» **Task description**: Output, word for word, the line that contains "Раскраска фантастический вертолет" and all lines after it in the records below, omitting pictures.

» **Exercise input**:
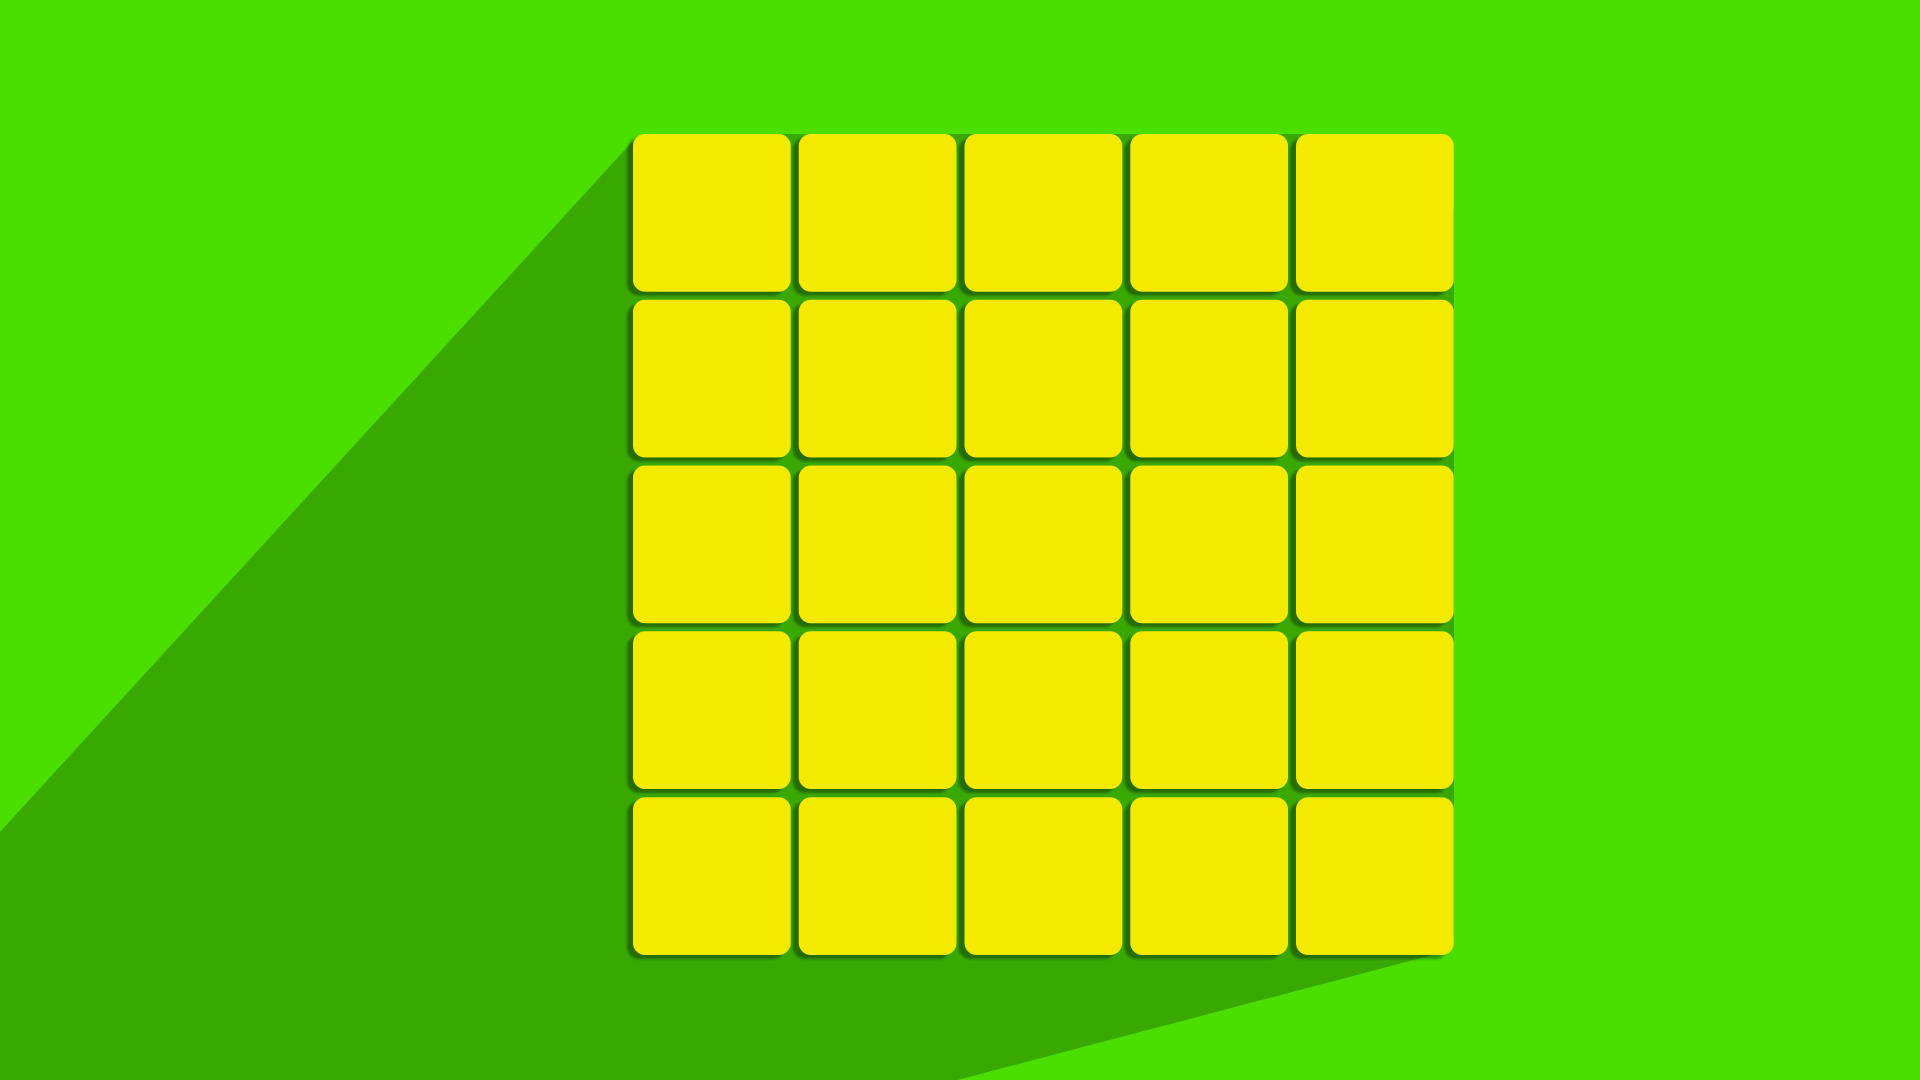 Beginner's Method for Solving the 5x5 Cube
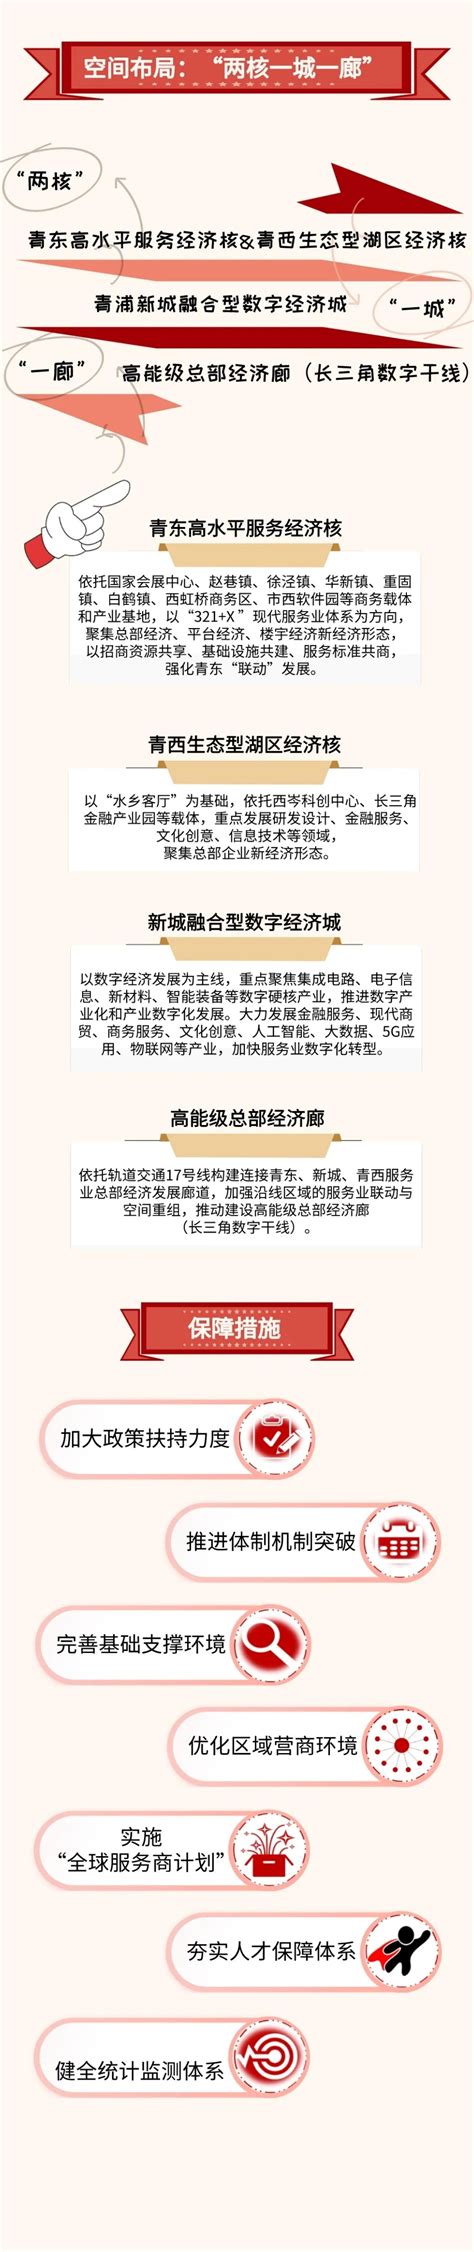 一图读懂|青浦区现代服务业发展“十四五规划”-上海济语知识产权代理有限公司
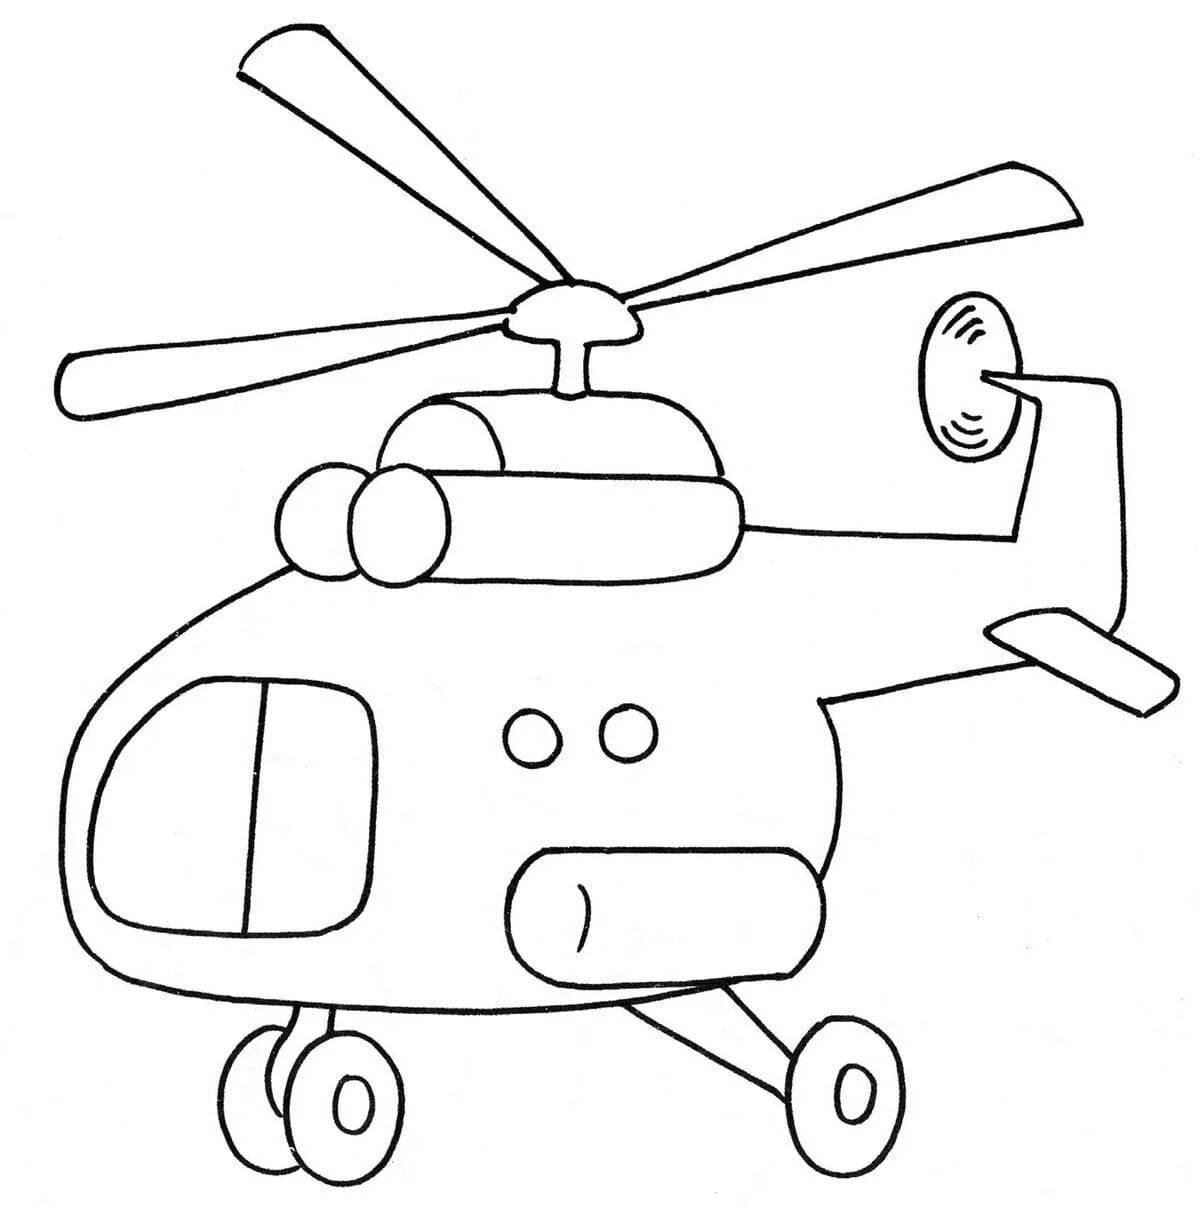 Раскраска фантастический вертолет для детей 7 лет
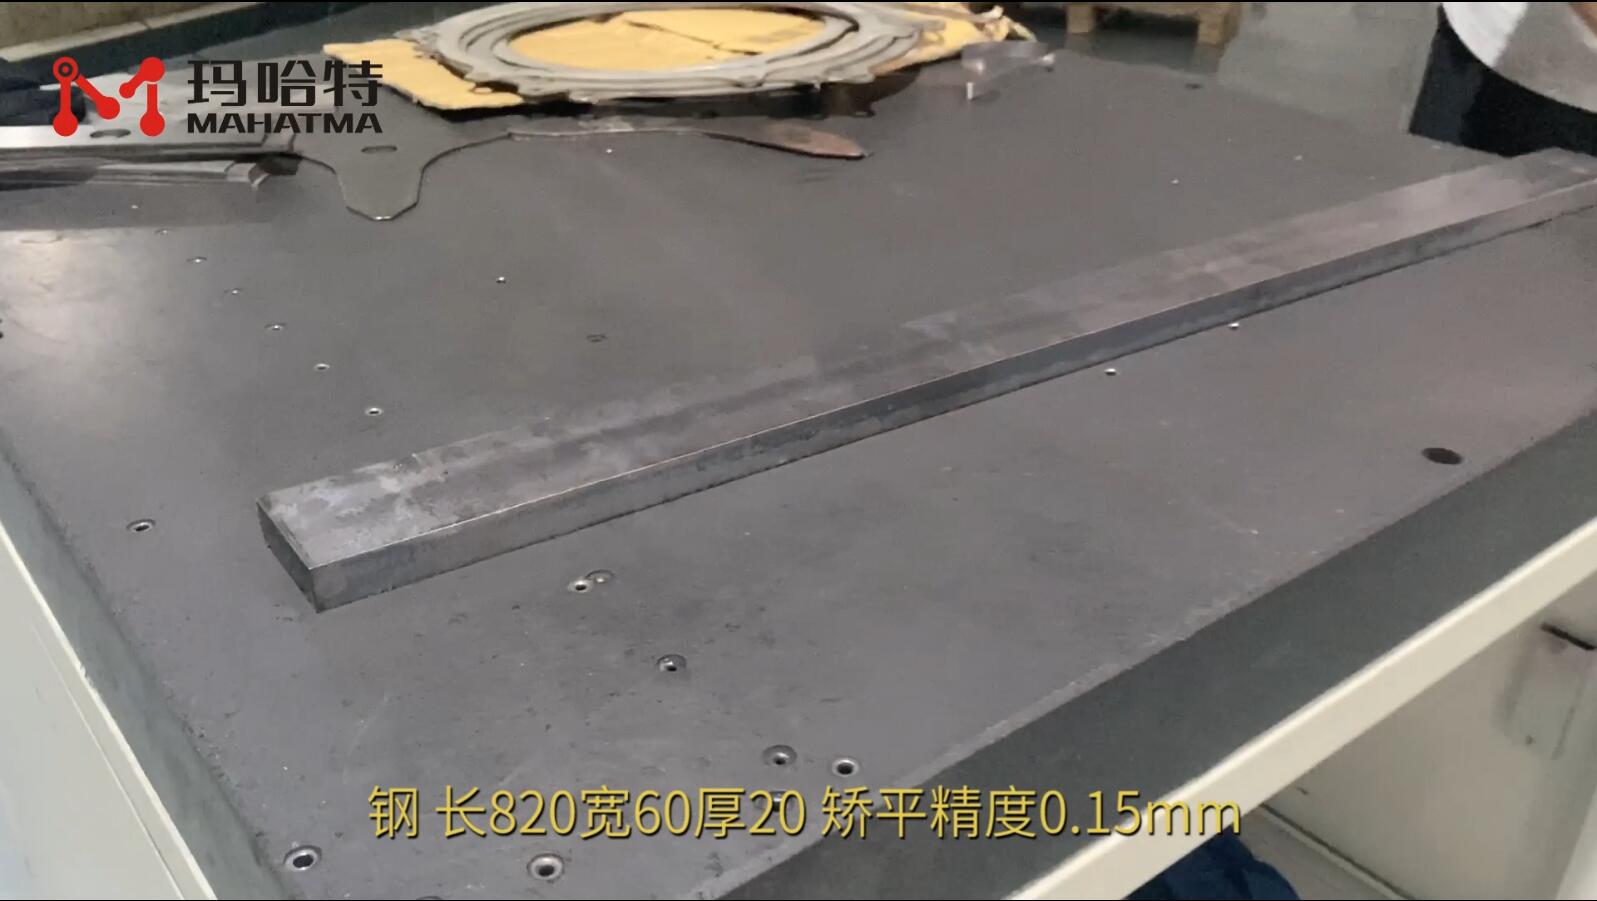 钢 MHT120-1300 长方形 长820宽60厚20mm
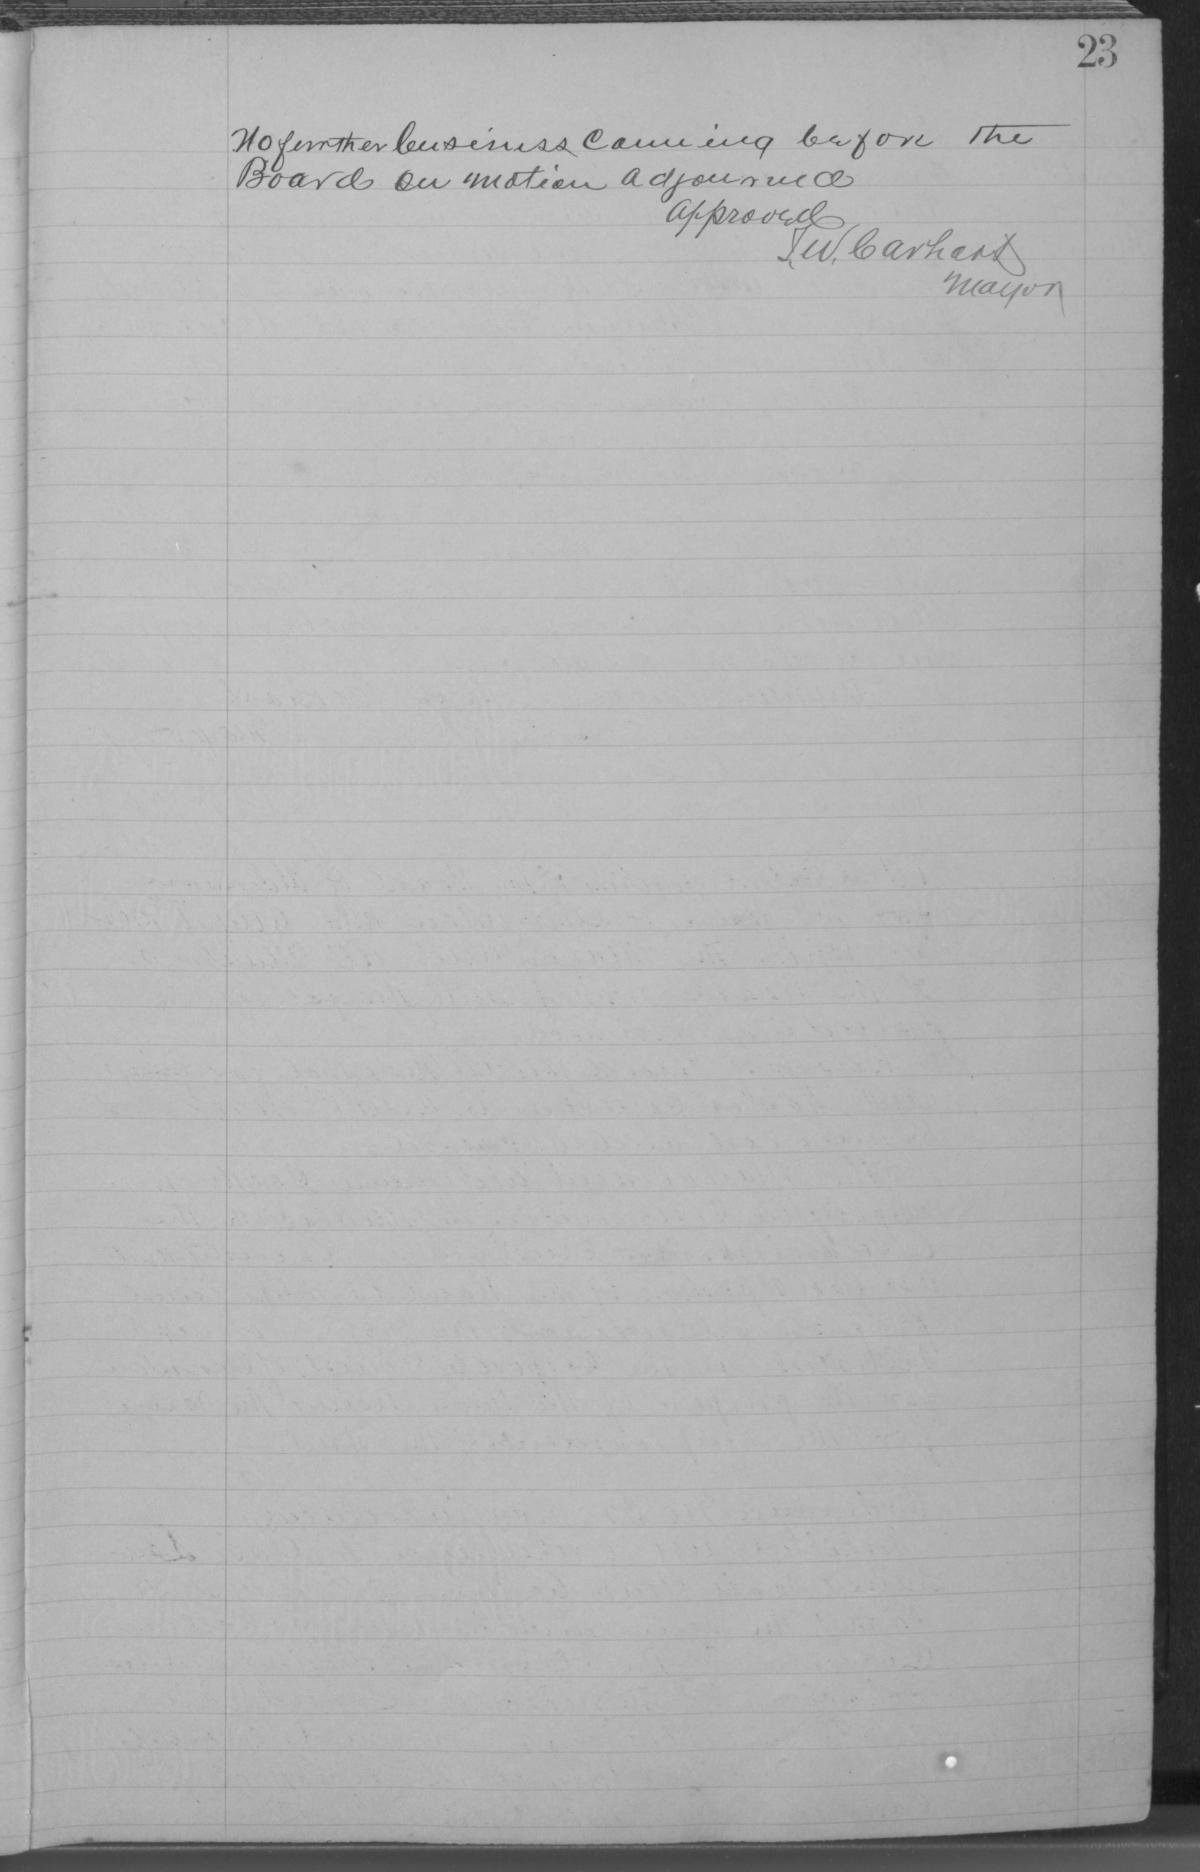 [City of Clarendon Ledger: Minutes for September 10, 1901- April 19, 1917]
                                                
                                                    23

» **Written solution**:
 Раскраска фантастический вертолет для детей 7 лет
 钢 MHT120-1300 长方形 长820宽60厚20mm
 [City of Clarendon Ledger: Minutes for September 10, 1901- April 19, 1917]
                                                
                                                    23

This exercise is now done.